Cloud-native architecture (Separation of Compute and Storage)
Separating compute and storage means storing vector indexes and data on durable, scalable object or block storage (e.g. S3, cloud disks) while running query and indexing compute on stateless or ephemeral nodes. Compute nodes load or stream only what they need, so you can scale query capacity independently of data size and avoid keeping full copies in every node’s RAM.
Summary
- Indexes and data live on durable storage (e.g. S3, cloud disks); query and indexing run on stateless/ephemeral compute that loads or streams what it needs. Scale query capacity independently of data size.
- Benefits: elasticity (add query nodes without copying data), cost (storage cheaper than RAM; spot compute), recovery (new nodes attach to same storage). Trade-off: latency—use caching, mmap, or Disk-ANN-style layouts.

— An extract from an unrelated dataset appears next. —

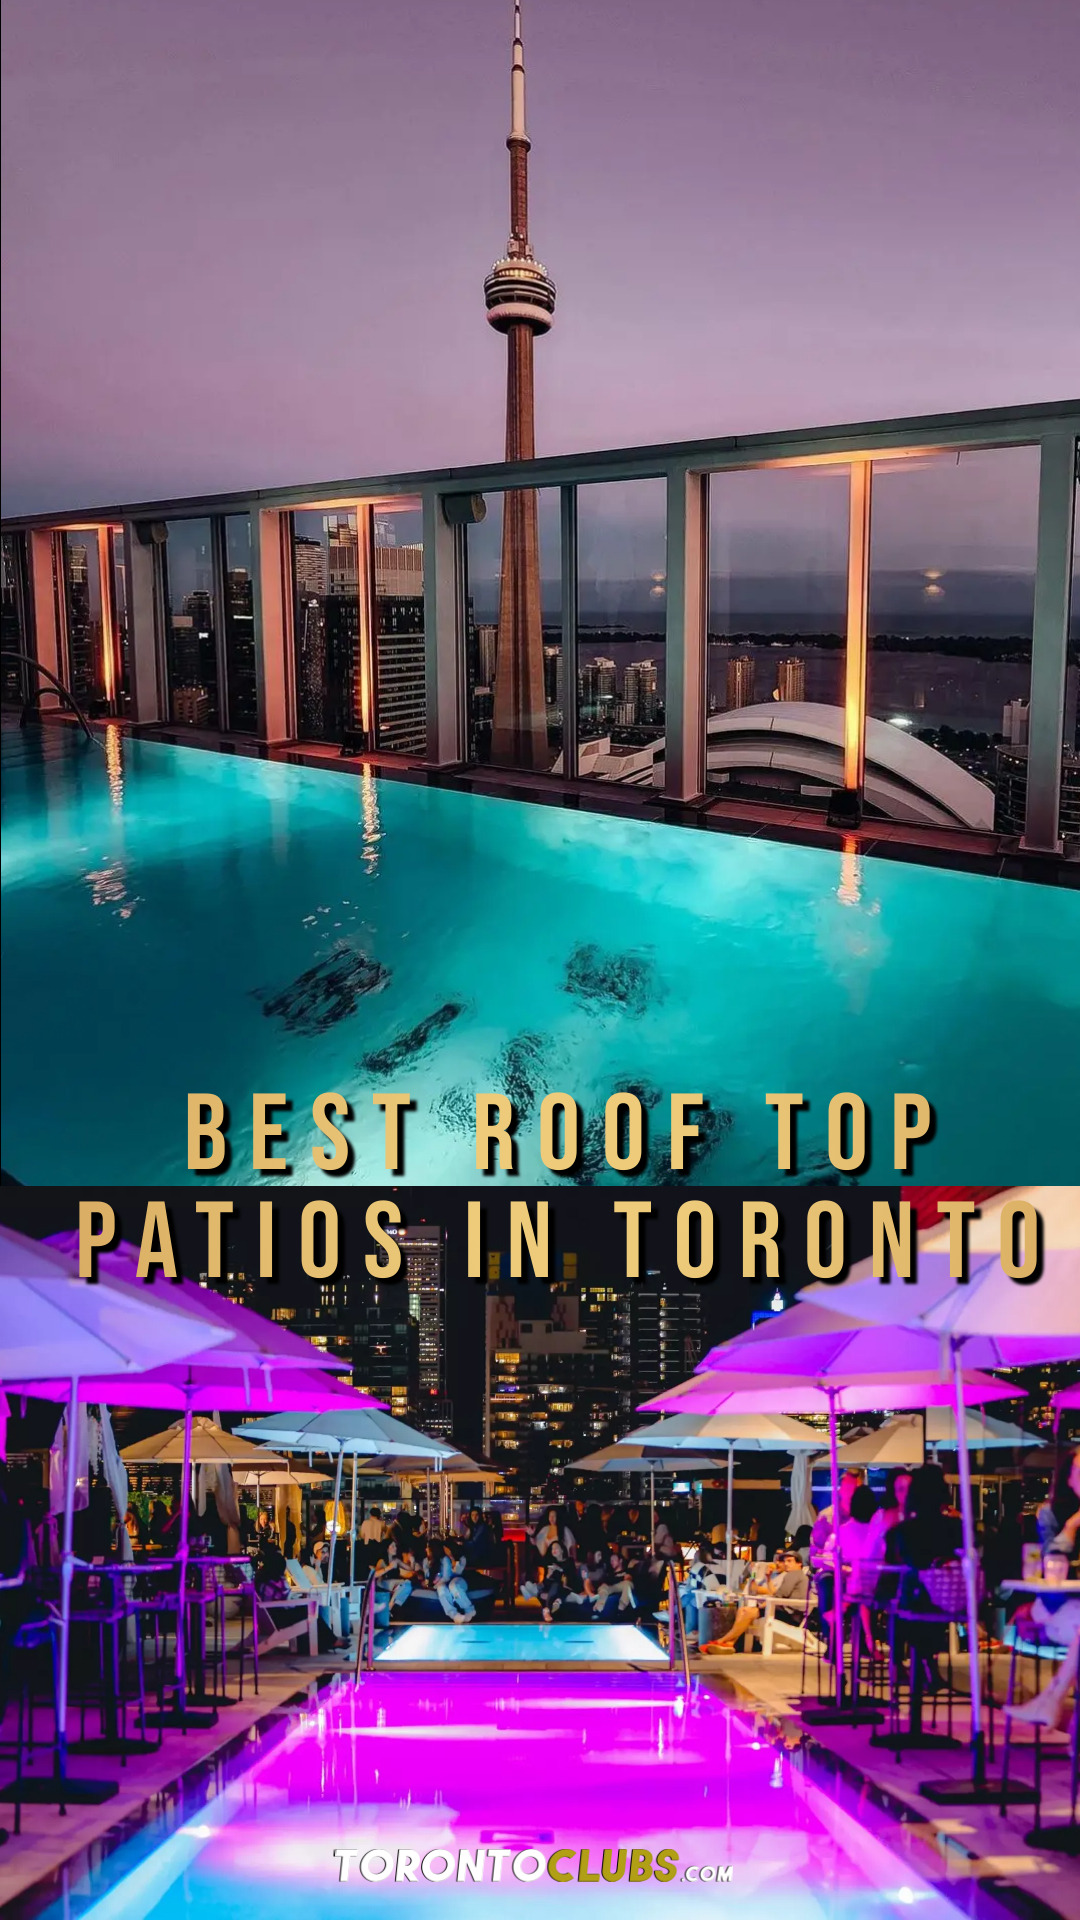 10 Best Roof Top Patios in Toronto
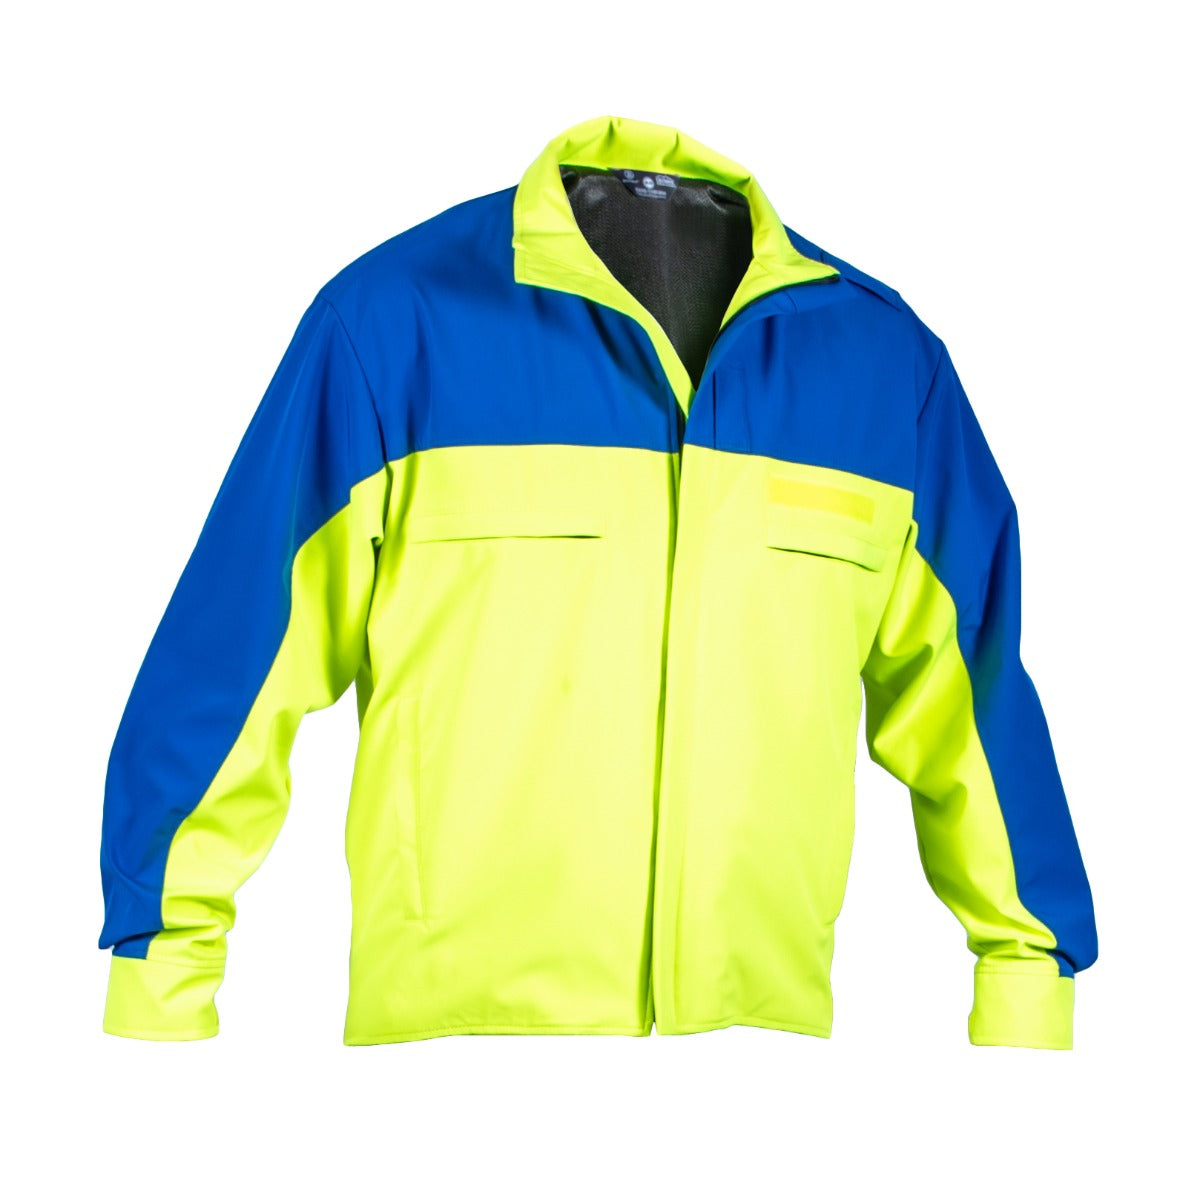 New York Zip Sleeve Jacket Waterproof - Sound Uniform Solutions

- Segments/index files in object storage; metadata in a distributed store; compute (e.g. Kubernetes pods) mounts or fetches on demand and auto-scales on CPU, memory, QPS. Pipeline: write to durable storage, compute mounts/fetches segments, query runs on compute. Practical tip: use caching and disk-optimized layouts to keep latency acceptable.
Benefits and trade-offs
Benefits: (1) Elasticity—add more query nodes when traffic spikes without copying the whole dataset. (2) Cost—storage is cheaper than RAM; compute can use spot or preemptible instances. (3) Recovery—new nodes can attach to the same storage after a failure. The trade-off is latency: reading from remote or disk storage is slower than in-memory, so designs use caching, mmap, or layouts optimized for sequential read (e.g. Disk-ANN).
Typical cloud-native layout
Cloud-native VDBs often store segments or index files in object storage, with metadata in a distributed store. Compute tiers (e.g. Kubernetes pods) mount or fetch data on demand and can be auto-scaled based on CPU, memory, or QPS. This pattern aligns with how many managed vector DB services operate in the cloud.
Pipeline: writes land on durable storage; compute nodes mount or fetch segments on demand; queries run on compute. Trade-off: remote/disk reads add latency; use caching, mmap, or disk-optimized layouts. Practical tip: use caching and disk-optimized layouts to keep query latency acceptable when separating compute and storage.
Frequently Asked Questions
What does “separating compute and storage” mean for a VDB?
Vector indexes and data are stored on durable object or block storage (e.g. S3); query and indexing run on separate, stateless compute nodes that load or stream only what they need. You can scale query nodes without copying the full dataset into each node’s RAM.
What are the main benefits?
Elasticity—add query nodes on demand. Cost—storage is cheaper than RAM; compute can use spot instances. Recovery—new nodes attach to the same storage after failure. The trade-off is higher latency than in-memory; caching and disk-optimized layouts help.
How do compute nodes get the data?
They mount object/block storage or fetch segments or index files on demand. With mmap, the OS page-caches hot regions. Layouts like Disk-ANN optimize for sequential read so that disk latency is manageable.
How does this fit with Kubernetes?
Kubernetes pods run the query/indexing compute; they mount or fetch from object storage and can be auto-scaled (HPA) based on CPU, memory, or QPS. Storage is external (e.g. S3, PVC), so pods can be stateless and replaced without moving data.